Very gently, she put a finger to the edge of Shkai’ra’s goblet and pushed. The cup five meters away leaped in a parody of the tiny motion, and the cool liquid poured unerringly into the man’s lap. He leaped to his feet with a wild, strangled yell, fist upraised. Awareness blinked back into his eyes, and the realization that there was nobody within five meters of him. His mouth worked silently; the fist fell, and his eyes with it to the purple stain on the brown cotton of his tunic. He wrapped his cloak about his middle and stole away.
The Zak picked up her cup and emptied it with a sly almost-smile. “Not everybody who can do a little magic sits under bushes and makes prophecies,” she said impishly, hiding her tension. “Better to have a little fun now and then.”
In a chamber overlooking gardens, beneath a dome of crystal, a robed figure, another of the Guild of the Wise, sat motionless above a brazen bowl of water.
Others had watched here before him; there would be a relief when he tired, and that would not be soon. Sensation/experience/perception drifted through the still pool of his mind, without rippling its receptivity. Leaves brushed against the brickwork of the tower; a breeze whispered through the latticework supports of the dome, laden with the scent of flowers and baking bread.

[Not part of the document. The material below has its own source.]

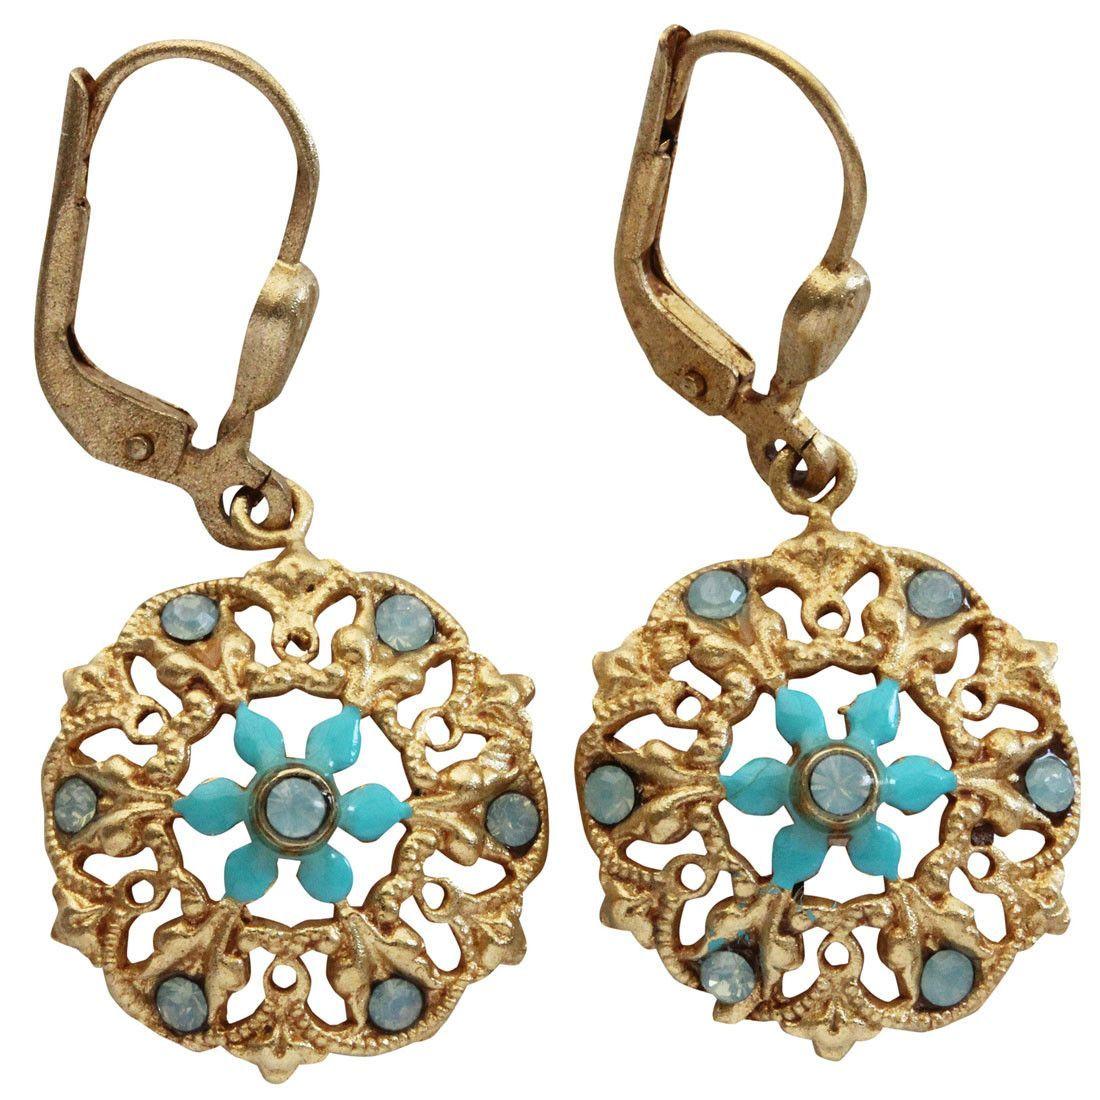 Catherine Popesco 14k Gold Plated Enamel Floret Earrings, 3119G Turquoise Blue

A spot of light appeared in the clear water. He rose smoothly from the cross-legged position he had kept for a hand of hours. Another figure appeared on the spiral stair below.
“It has begun,” he said to the one who came. “Summon the adepts.”
His gaze returned to the water. The workings of the Patterns were a never-failing source of wonder. This was the nexus of probability they had sensed; he closed his eyes and ran fingers of thought over the skein of branching alternates that ran forward from the fixed point of now he occupied. There was very delicate work ahead, a nudging at the workings of fate and chance to ensure that events fell as they willed.